The task ->
Here the job is to transcribe the data exactly while omitting the images.

Dataset excerpt ->
'''

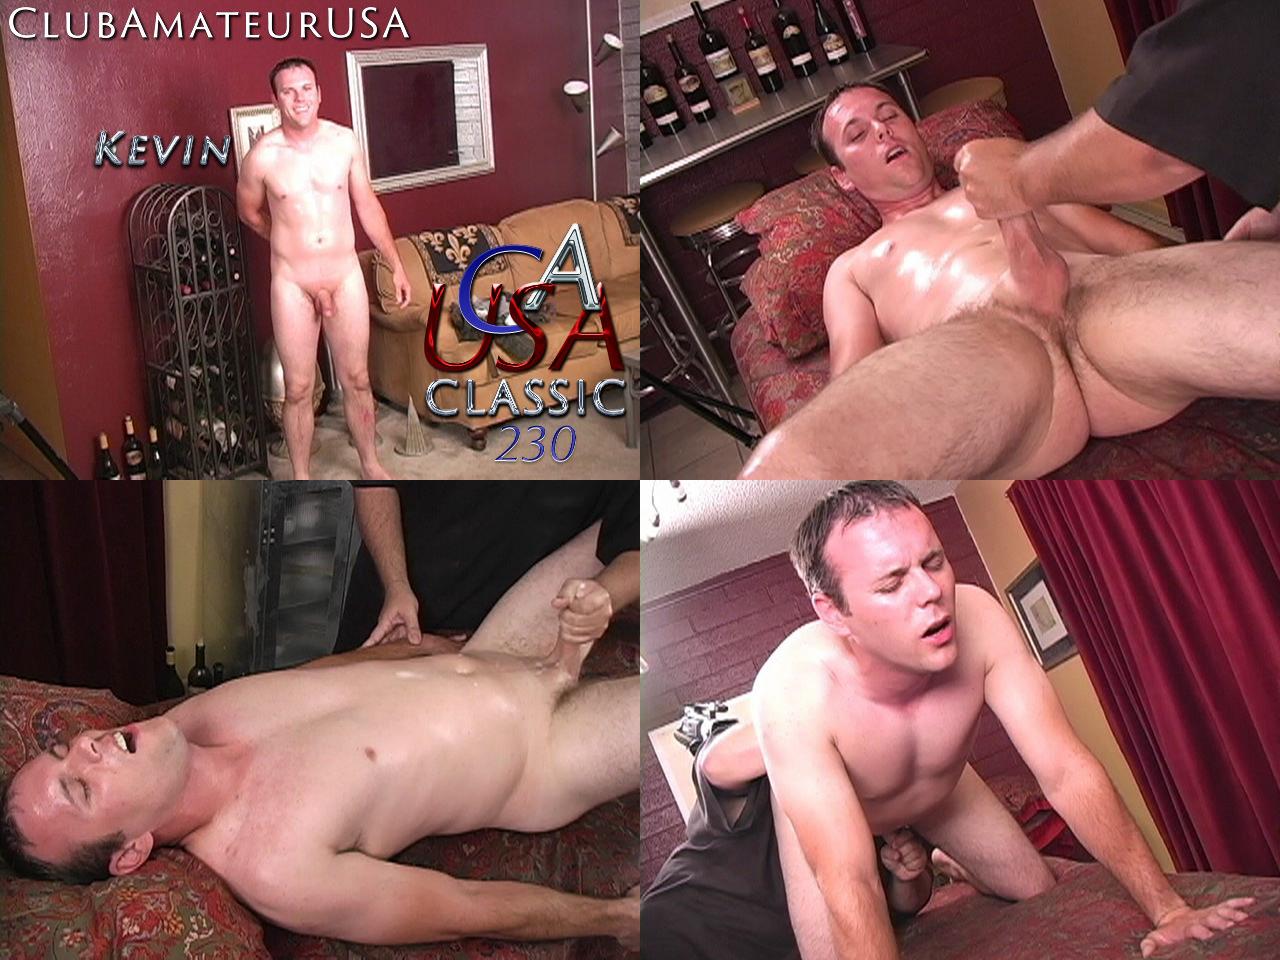 Gay Porn (Gay),Amateur (Gay),Massage (Gay),Club Amateur Usa (Gay),HD Gays,Classic
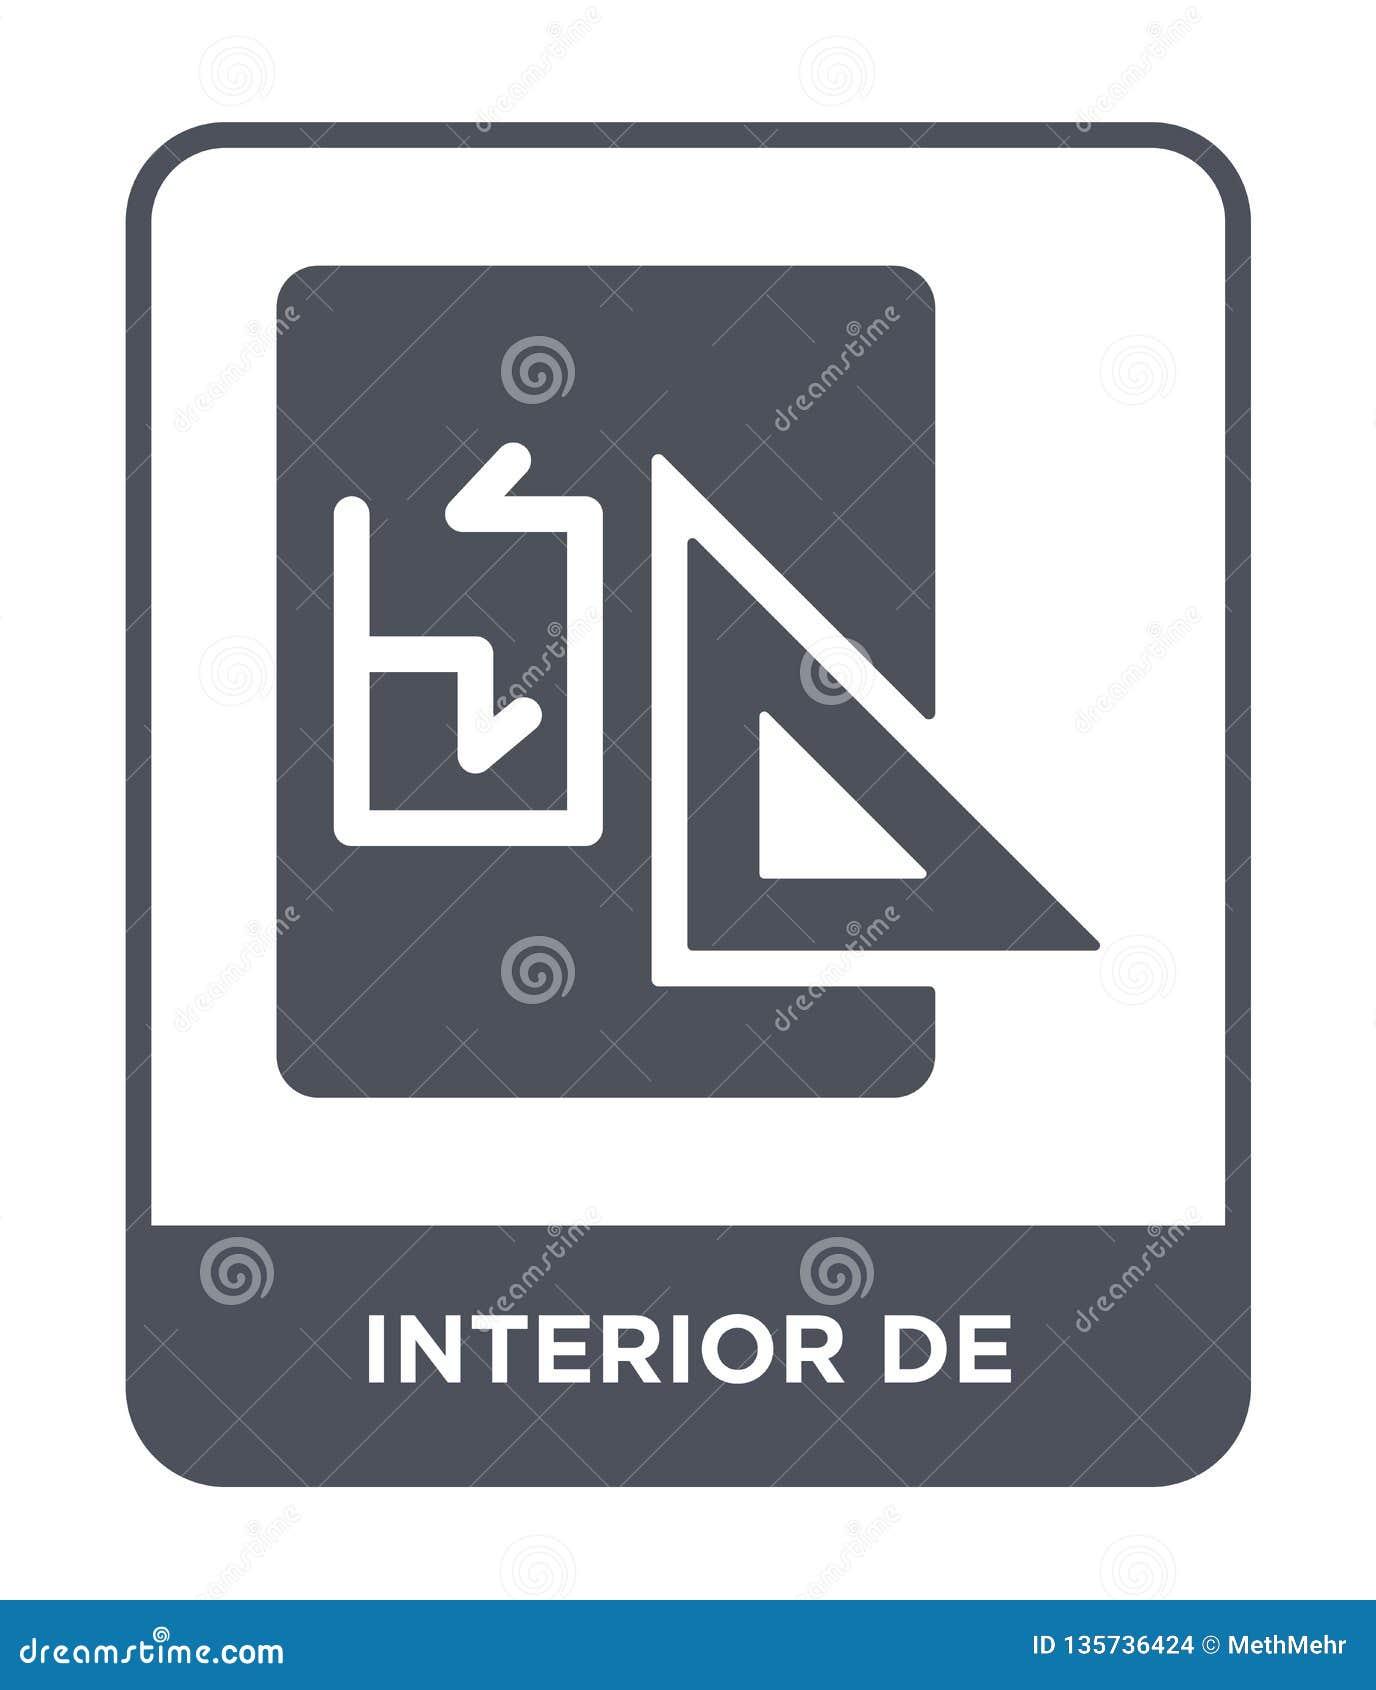 De interior ícone no estilo na moda do projeto de interior ícone isolado no fundo branco ícone interior de vetor simples e modern
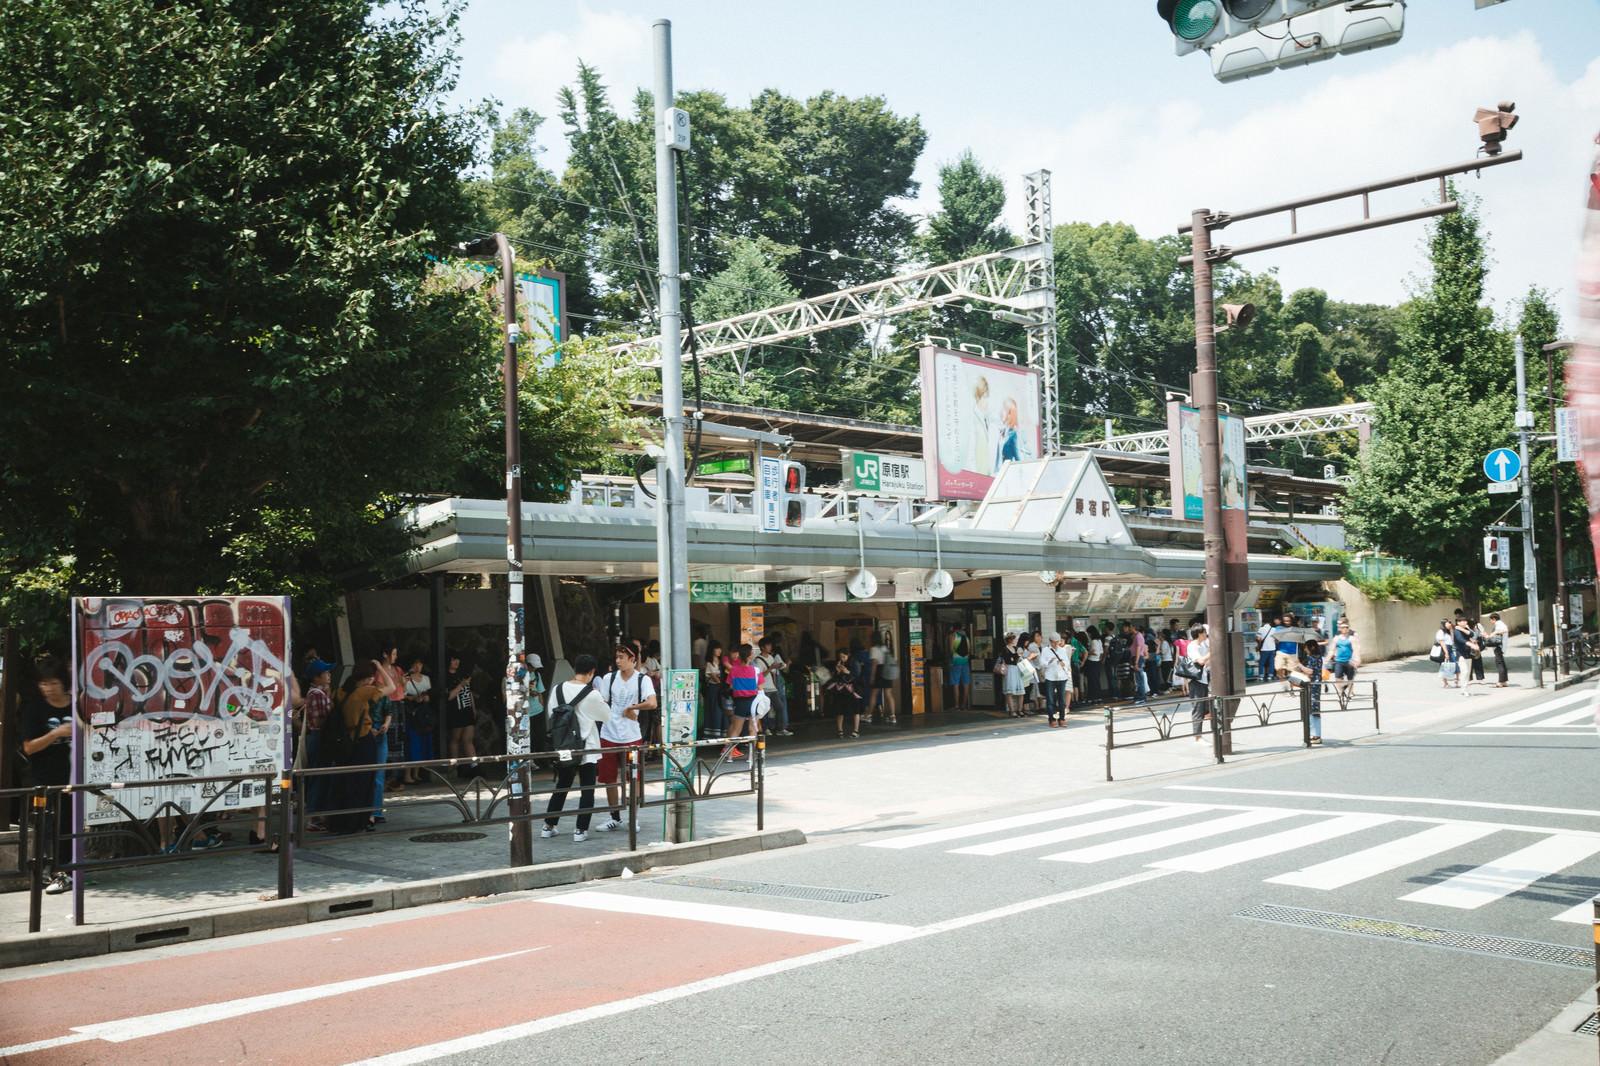 「原宿駅(竹下口前)原宿駅(竹下口前)」のフリー写真素材を拡大

'''

The answer ->
 Gay Porn (Gay),Amateur (Gay),Massage (Gay),Club Amateur Usa (Gay),HD Gays,Classic
 De interior ícone no estilo na moda do projeto de interior ícone isolado no fundo branco ícone interior de vetor simples e modern
 「原宿駅(竹下口前)原宿駅(竹下口前)」のフリー写真素材を拡大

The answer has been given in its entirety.